After the sun goes down, Peter makes an attempt to stand up for his Lord (before he denies Him). He picks up the sword and attacks, but Jesus tells Peter to put it down, leave it alone. It is the call for Peter to pick up his cross and follow Jesus.

It’s easy to rally people to a crusade, to an open fight where we can claim to be on the “right” side. It’s easier to engage in that fight, because we can put down our cross in order to pick up a sword. But maybe Jesus is calling on us to put down our swords and anger and self-righteous rage to pick up our Cross, and follow Him.

The conspiracy that forms against Jesus on Thursday leads to the way of the Cross. It is Jesus telling us to abandon the crowds that are stirred into a pseudo-religious fury and to stand up for Him…not by fighting, but by following.

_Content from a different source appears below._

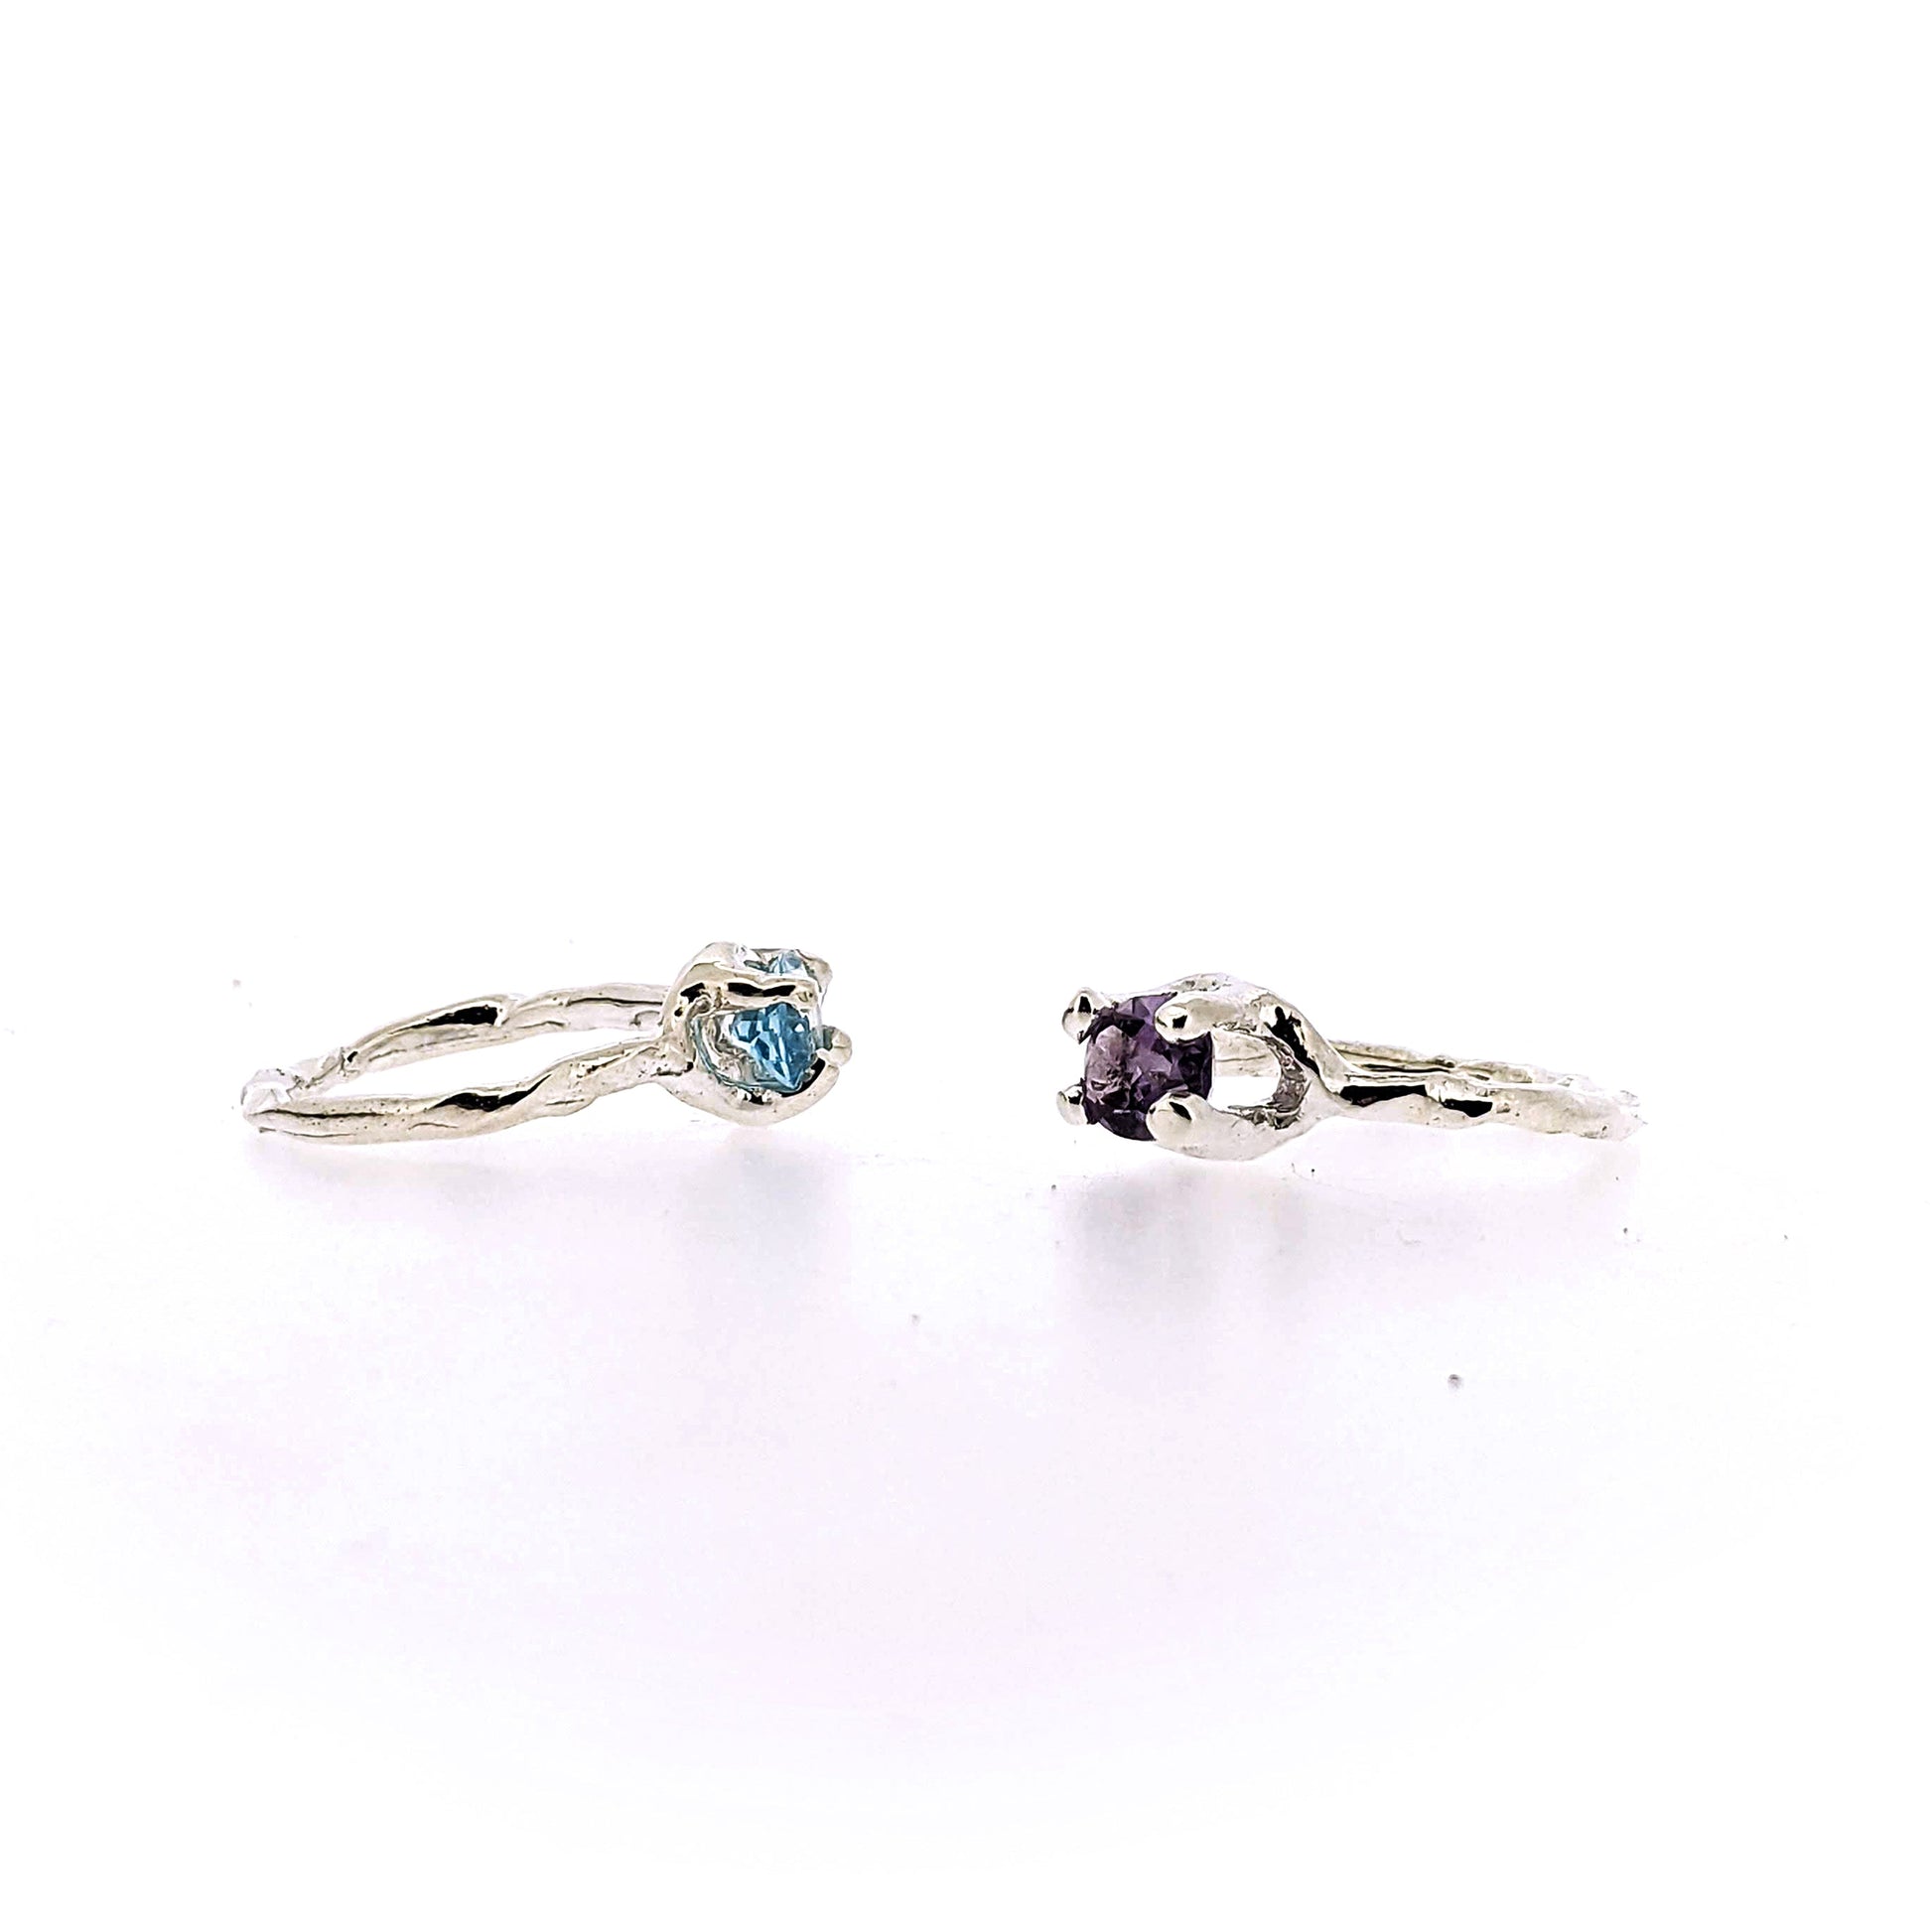 Side views of blue topaz and amethyst Ada Rings sitting next to one another.
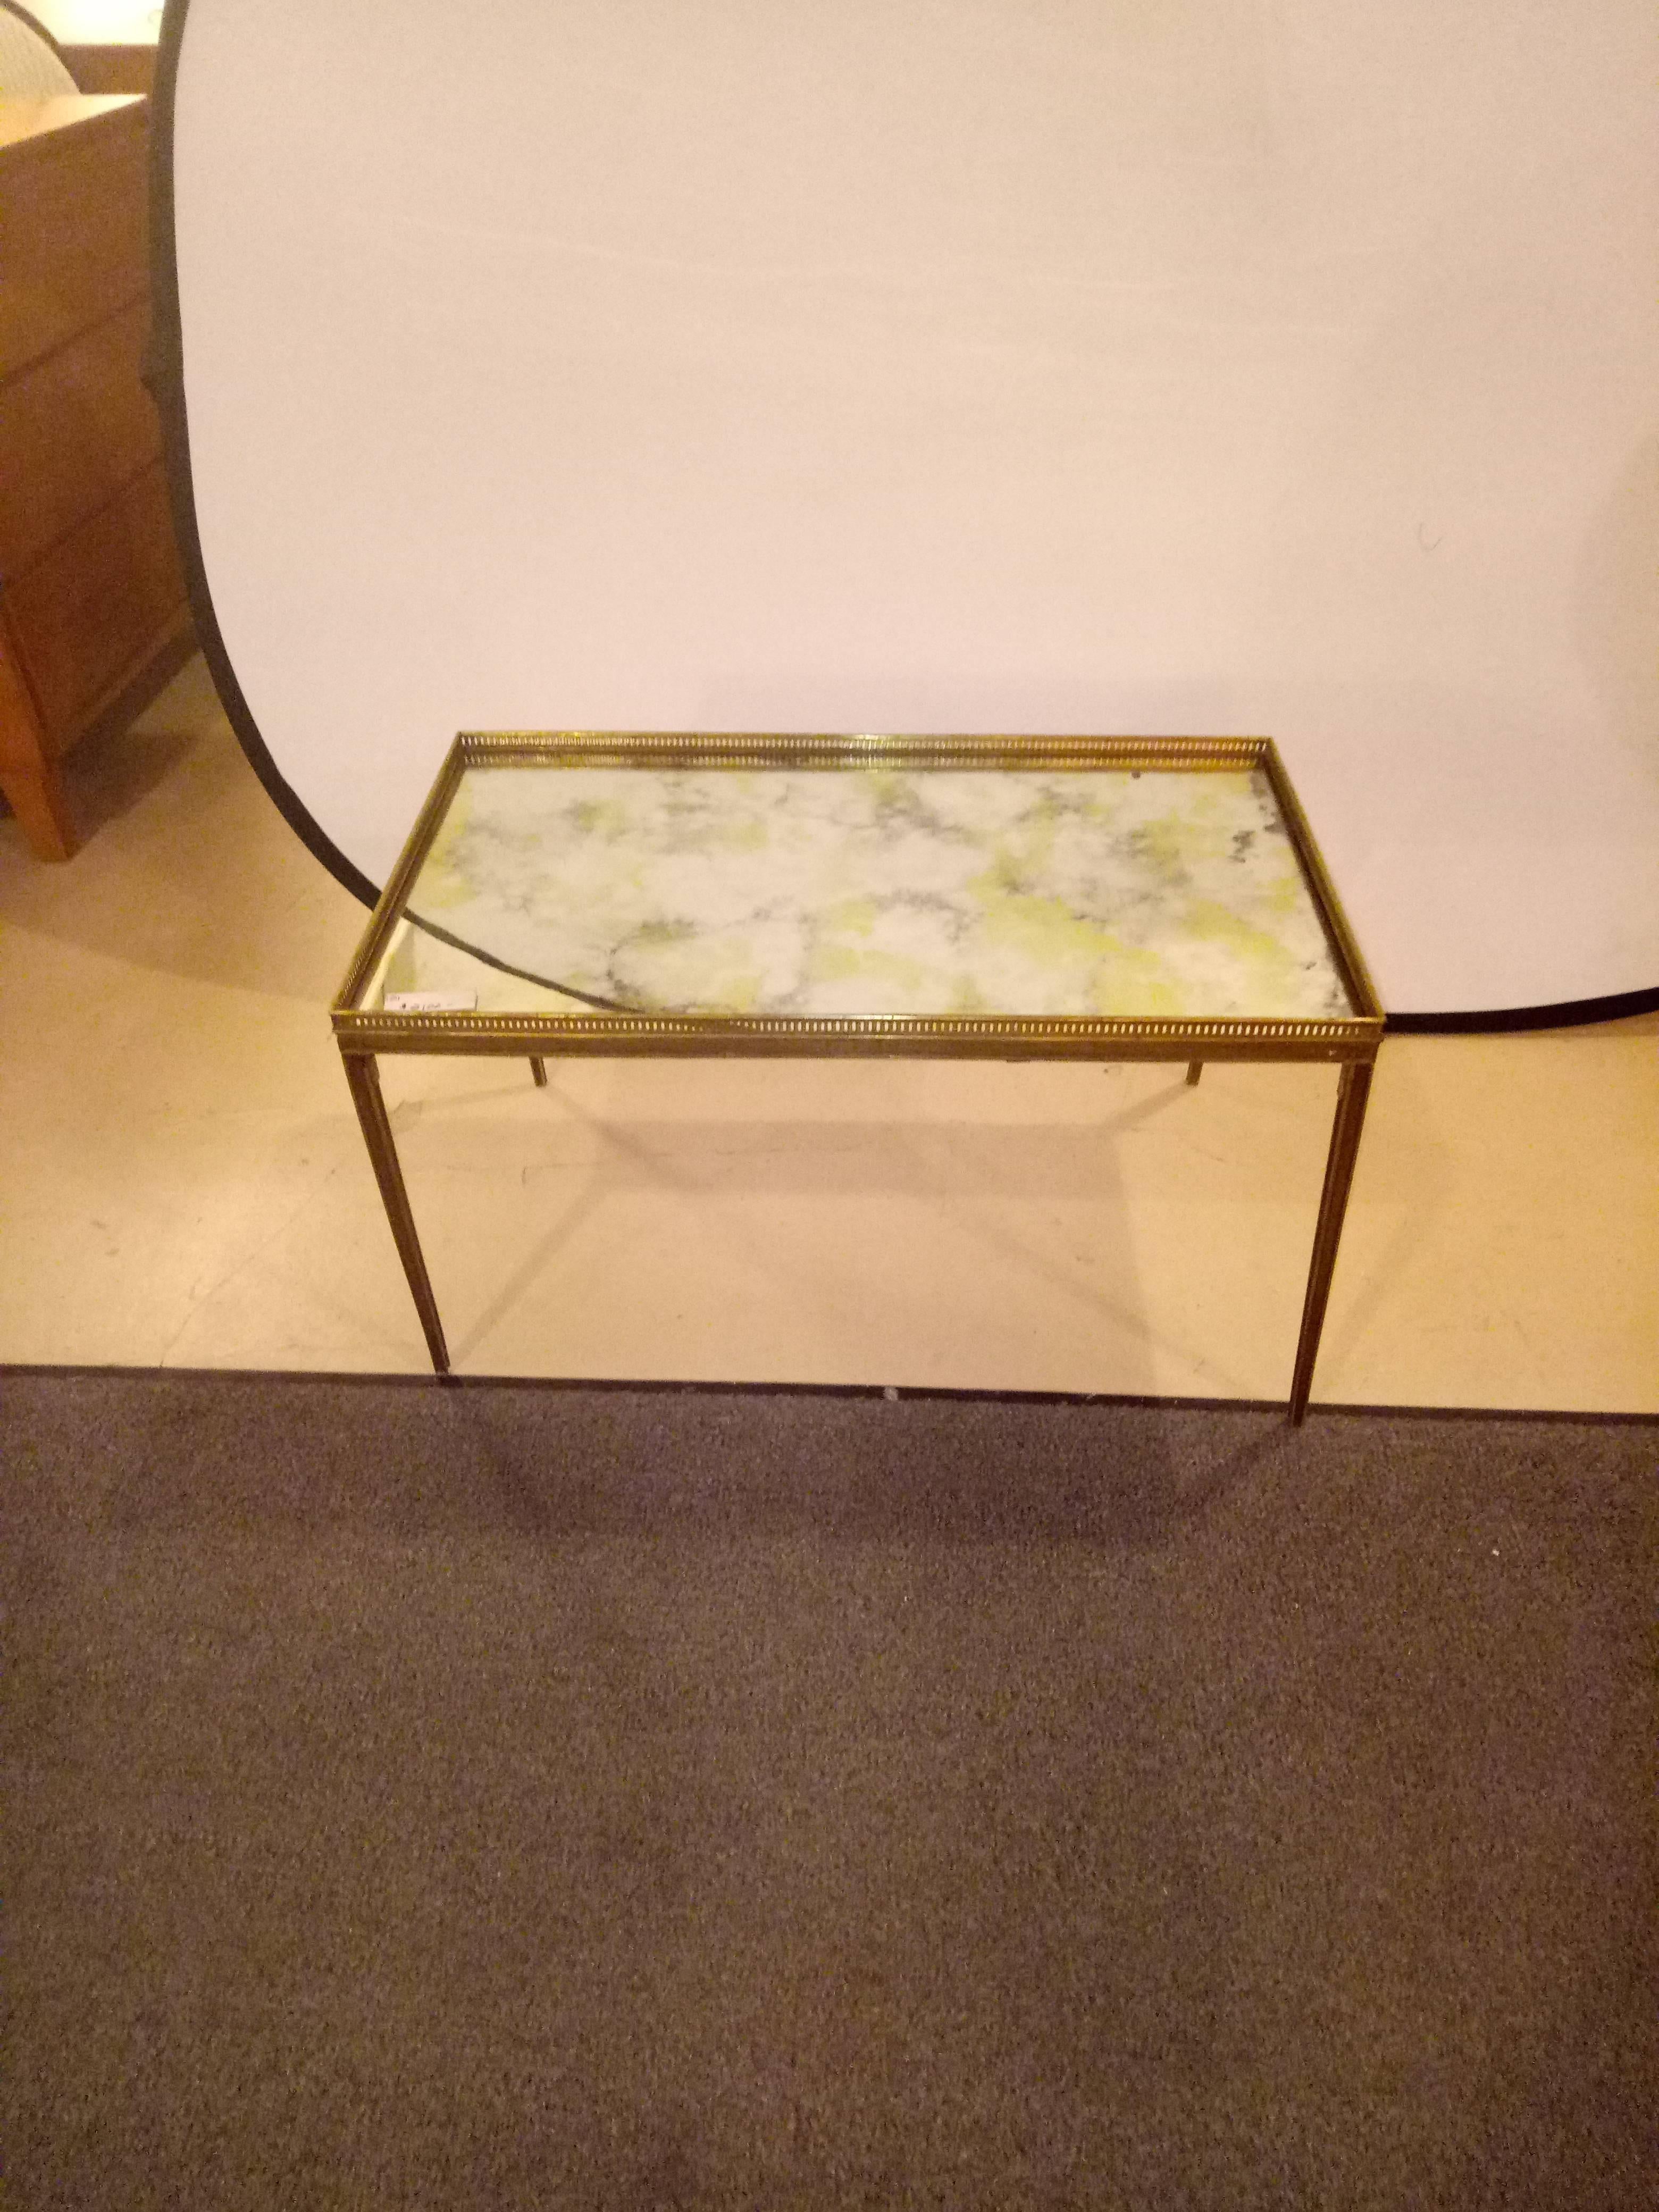 Hollywood Regency Coffee Table with Mirror Top in Maison Baguès Style

We prove very little by our efforts to “stand up” for Jesus. He doesn’t call on us to follow the crowd in some “Christian” fit of anger and outrage. Jesus doesn’t need us to fight for Him. He needs us to stand with Him, and that requires a strength and power that only Christ can give.

Ask yourself:  Where would you be on Thursday? Would you be expressing your anger at this religious malcontent, who came to change things? Would you be Peter, looking for a sword?

Or would you be willing to stand WITH Jesus, rather than for Him? I suspect that we would risk standing with the conspirators and the grumblers and the haters more than we care to admit.

The choice we make on Thursday determines where we are on Friday, and ultimately on Sunday. We need to be a people seeking the empty tomb, rather than fighting those who tried to fill that tomb in the first place.